Mares: The cost of news

Print More
MP3

(HOST)  Commentator Bill Mares is a former legislator, teacher and reporter, who has been thinking about the changing economics of journalism and why "free" news on the Internet comes with a price.

(MARES) In 1900, when the press barons William Randolph Hearst and Joseph Pulitzer were battling each other over newspaper circulation and New York City had 15 dailies, The Atlantic Monthly magazine observed: "The two cardinal responsibilities of the literary life in the newspaper day are namely – crowding eternity into five minutes [and then] getting anyone to take five minutes to notice that eternity."
 
But if newspaper publishing was challenging back then, it is even more so now, with far more competition for reader attention and reader dollars.  The last few years have been plague years for newspapers.

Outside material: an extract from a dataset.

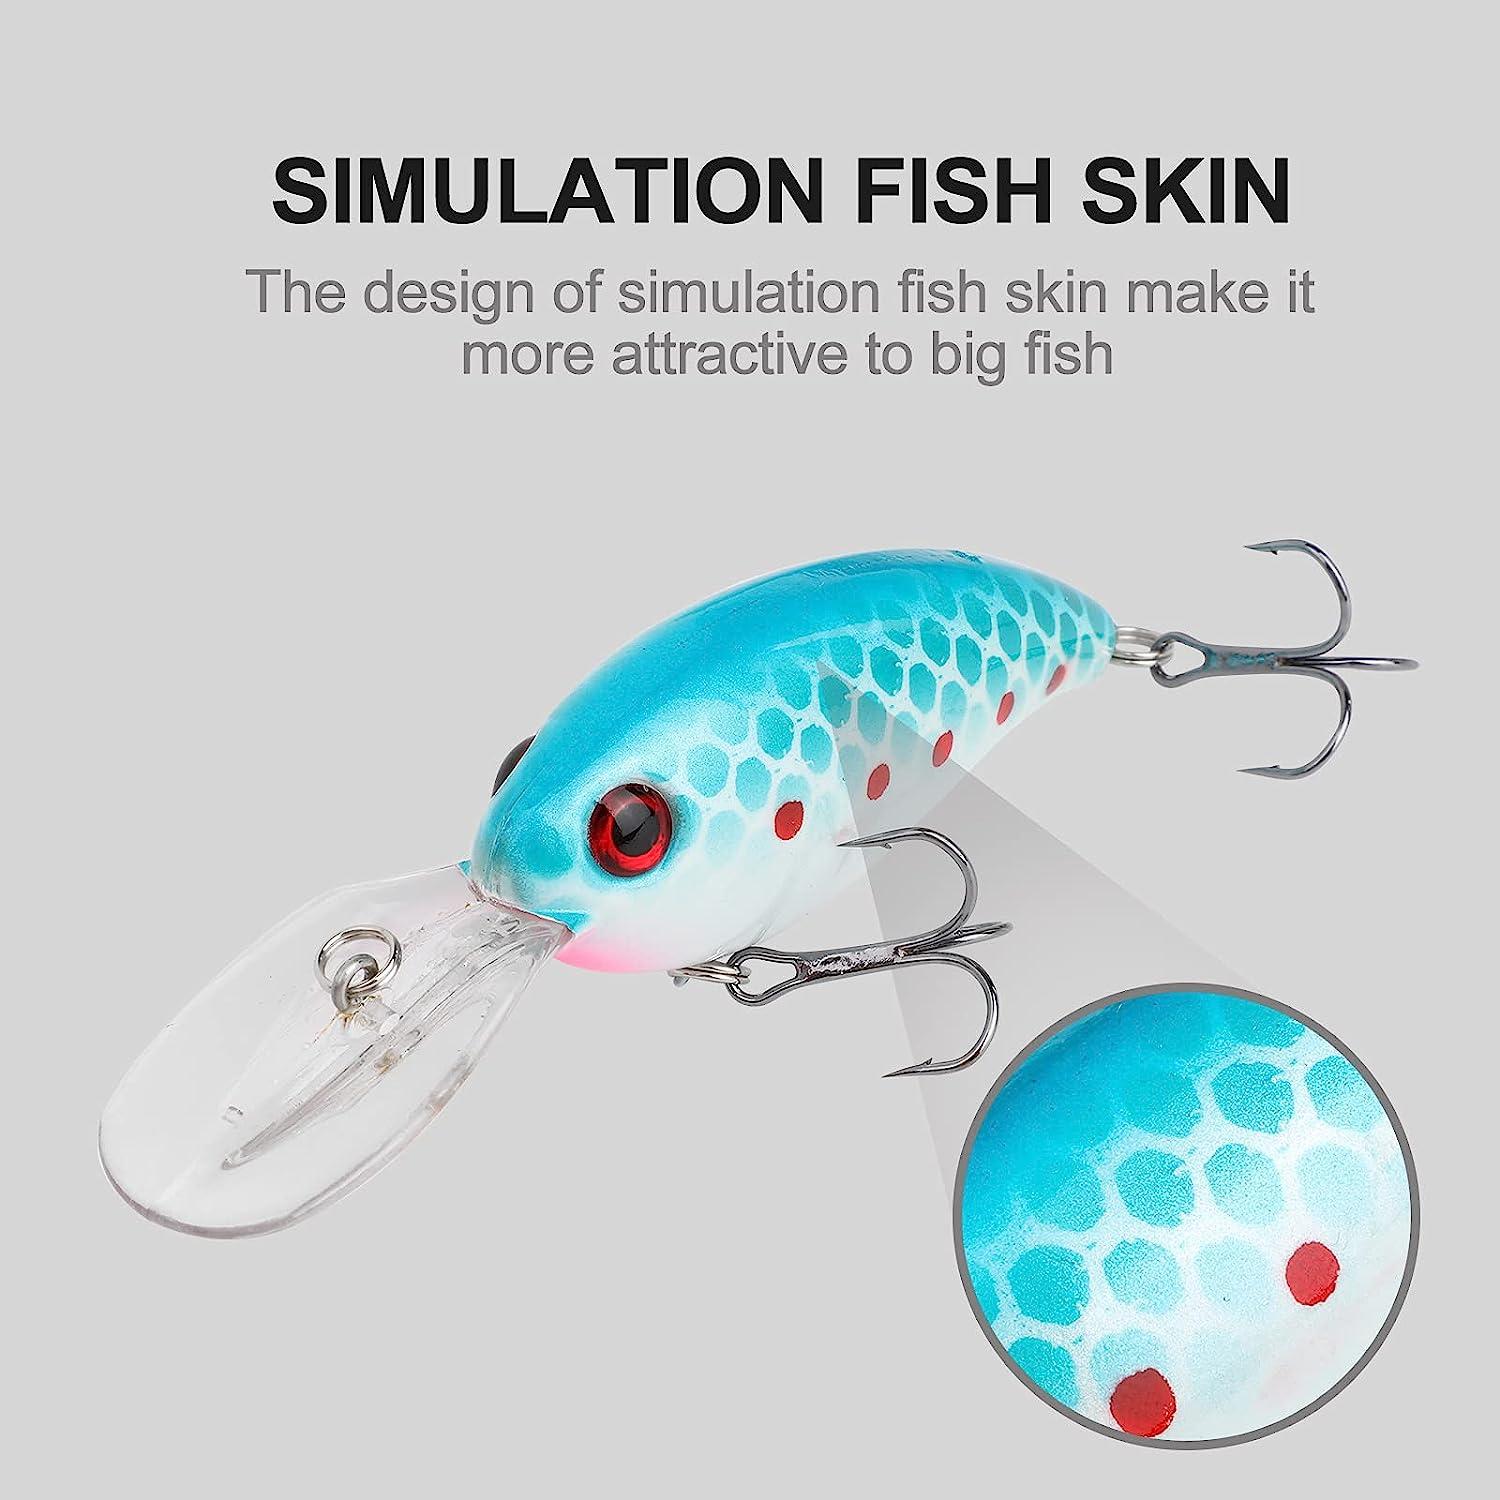 ZWMING Bass Crankbait Fishing Lures, Diving Fishing Lures

Some, like the Rocky Mountain News in Denver, have simply disappeared.  Others have cut staff down to the bone and beyond. The venerable Christian Science Monitor has gone digital, while headlines and photos have grown larger in papers ranging from regionals like the Burlington Free Press to giants like the New York Times.

Other forces are at work here, too – a rotten economy; the flight of big advertising revenue for cars, housing and personals to free sites like Craig’s List; the rise of weeklies; and new electronic venues like the Front Page Forum in Burlington.
             
Then there are the changing public attitudes.  Some people say, why should we care about newspapers, this print version of the ‘main stream media’?  We have YouTube. We have Facebook.  We have our own blogs or those of others who agree with us.  And if we need to know any news, we’ll  get it off the Internet, for free!

This kind of remark makes Chuck Lewis apoplectic.  Chuck is an old reporter friend of mine from Chicago. He also happens to be the Washington bureau chief of the Hearst newspaper chain.  He points out that the so-called free news people get off the Internet most likely comes by way of links to the much maligned ‘main stream media’ – that same ‘main stream media’ that financially supports the journalistic efforts of the ground troops of journalism: reporters.

These reporters write the first drafts of history; they tell both sides of the story.    

Newspapers are at the top of the news chain.  They make the major financial investments that internet news efforts – especially bloggers – depend on and frequently exploit.

The fallacy that on-line news is free undermines not only the journalism business, but our civic fabric as well.  If no one will pay a reporter to sit through the local zoning board hearing, how will we know who voted to allow the building height variance?  And why.    

As James Surowiecki wrote recently in the New Yorker magazine, "For a while now, readers have had the best of both worlds: all the benefits of the old, high-profit regime – intensive reporting, experienced editors, and so on – and the low costs of the new one.  But that situation can’t last. Soon enough, we’re going to start getting what we pay for, and we may find out just how little that is."

Comments are closed.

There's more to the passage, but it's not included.